Today, she sits in a central function, working with numerous BBC departments to tackle operational efficiency. But driving down carbon, energy, waste, water and travel impacts is only part of the job. She has a bigger focus on ensuring each programme that is broadcast by the BBC has been made with minimum environmental impact. “As a public service, it’s important we are seen to be operating in a sound way – and also that we are benefiting the industry as a whole too,” she says.

And it is this focus on supporting the whole sector that led to the development of albert, the production industry’s tool to measure and reduce footprints while making TV shows. “We are not making tins of beans, so every production is different, every time. And you can’t compare ‘Frozen Planet’ with ‘Flog It’.” So, albert – created by Park’s “brilliant colleague” Richard Smith in 2010 – offers a way for production teams to calculate their own impacts, understand where they can make a difference (whether that’s in making sure cast accommodation is closer to the sets to reduce transport, or saving power by using low-energy lighting) and compare themselves with similar types of productions.

It has been adopted by most industry players, with the likes of Sky, Channel 4, ITV and BBC all working together as members of a BAFTA-led consortium to make the tool even better – and collectively helping to reduce the burden of TV production on the planet. It is compulsory for all in-house Children’s and BBC TV productions to use albert.

Sky has gone one further, asking all of its suppliers to do the same. Around 280 companies have signed up to use albert, including big independent production firms like Twofour and Kudos, and it has more than 1,800 users.

So, what’s it like working with competitors? Fairly easy, says Park. “Everyone was keen to come on board and work together. And inside the BBC, there’s something about our position as a public service body that really helps people feel that this is an important thing to do – and we get very little push-back from production teams.

“When it comes to footprinting and environmental assessment, there are so many different ways of doing it. So, albert enables everybody across the industry to use the same standard tool and methodology.”

Taking things one step further, albert+ has been developed to help companies actually certify their impact reduction and continue to manage their impacts; successful productions are given a 1, 2 or 3-star rating and even get to display the albert+ badge during TV show credits. “If albert is the set of scales that tells you what you weigh, albert + is the diet plan to help you lose weight,” says Park.
Twenty-one BBC productions have gone through the albert+ process, including last year’s Manchester bombings drama, ‘From There to Here’ made for BBC1 by Kudos.

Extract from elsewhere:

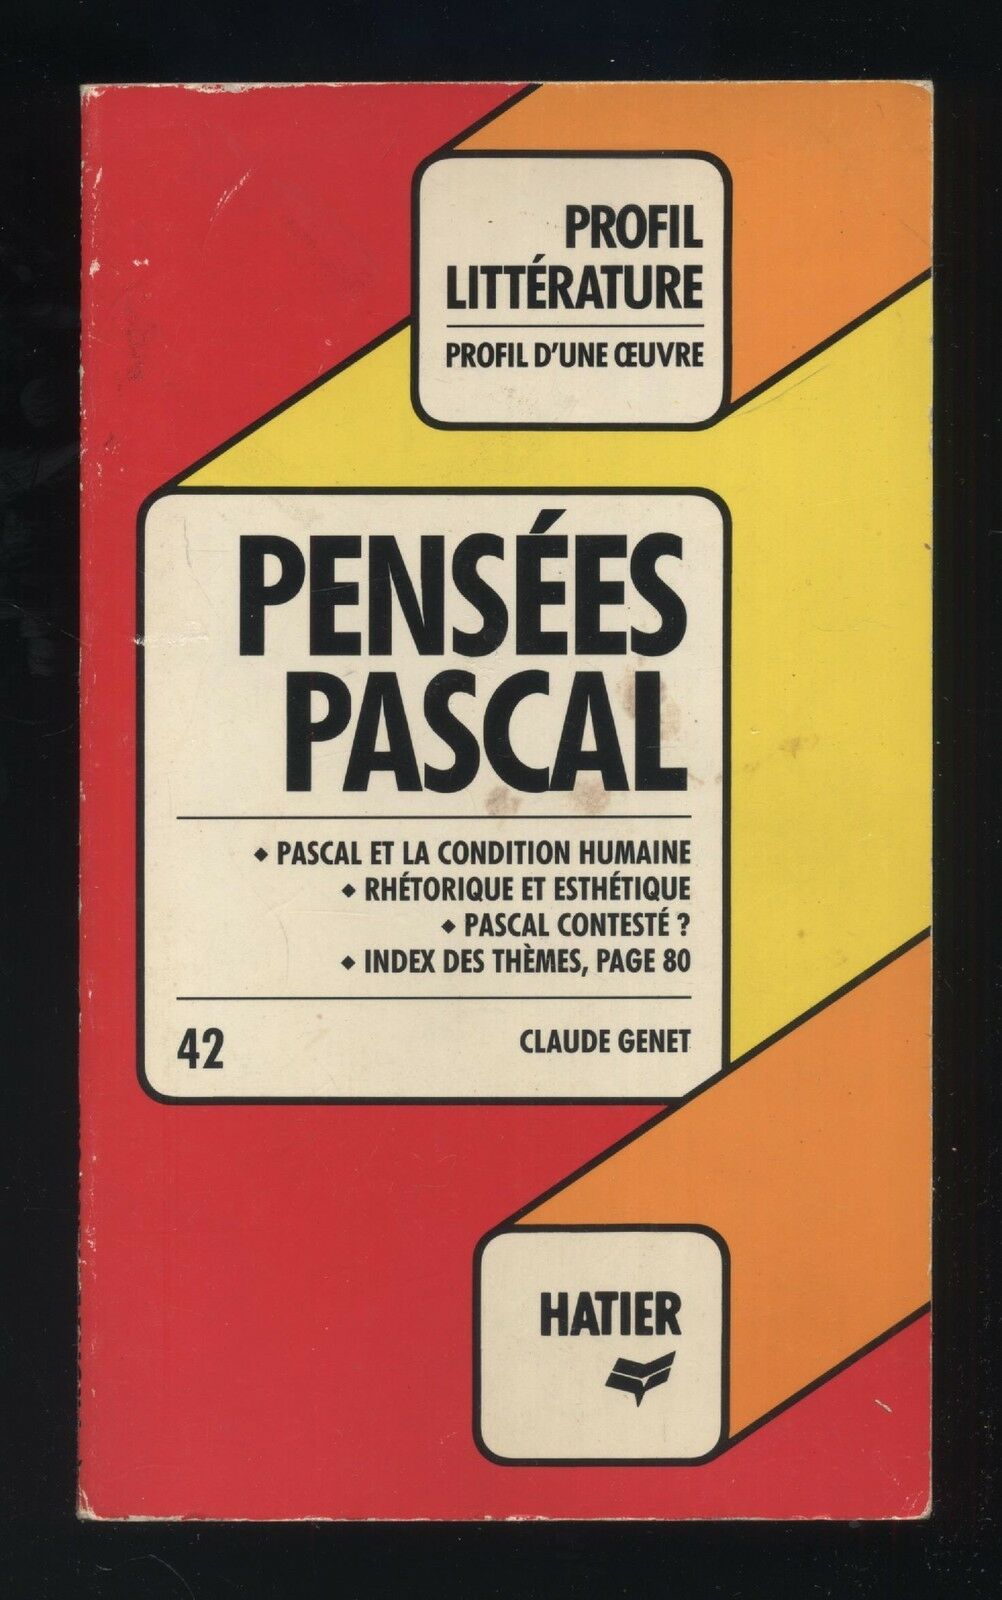 PENSEES PASCAL di Claude Genet ed. 1973 Hatier

But do customers care about the badge? Are they paying attention? Park thinks so. “Our audiences do care, and I want licence fee payers to see that mark and know that our TV production teams are doing all they can to reduce the environmental impact.
“To be honest, we need more resources to get that message out there. Of course, the more partners we have on board, like Sky and ITV, the more we’ll be able to get the message out there.”

Of course, broadcasting more programmes that focus on the big issues, such as climate change, would have a huge impact – and it’s something Park admits “hasn’t been cracked yet”.

But there’s a much bigger picture Park wants the sector to look at: What happens once TV productions are in the can?
There are the different methods of transmission and the consumption of TV in homes across the country – and not just on television, but increasingly on laptops and smart phones too.

“We’re starting to collaborate on some of these issues because it’s a system with lots of different players – and we’re trying to build-out a picture of what total sustainable production and broadcasting looks like.

“The production part is within our control but we have a responsibility to engage with others to tackle this bigger picture. But there is an absolute willingness at the BBC to do something about that.”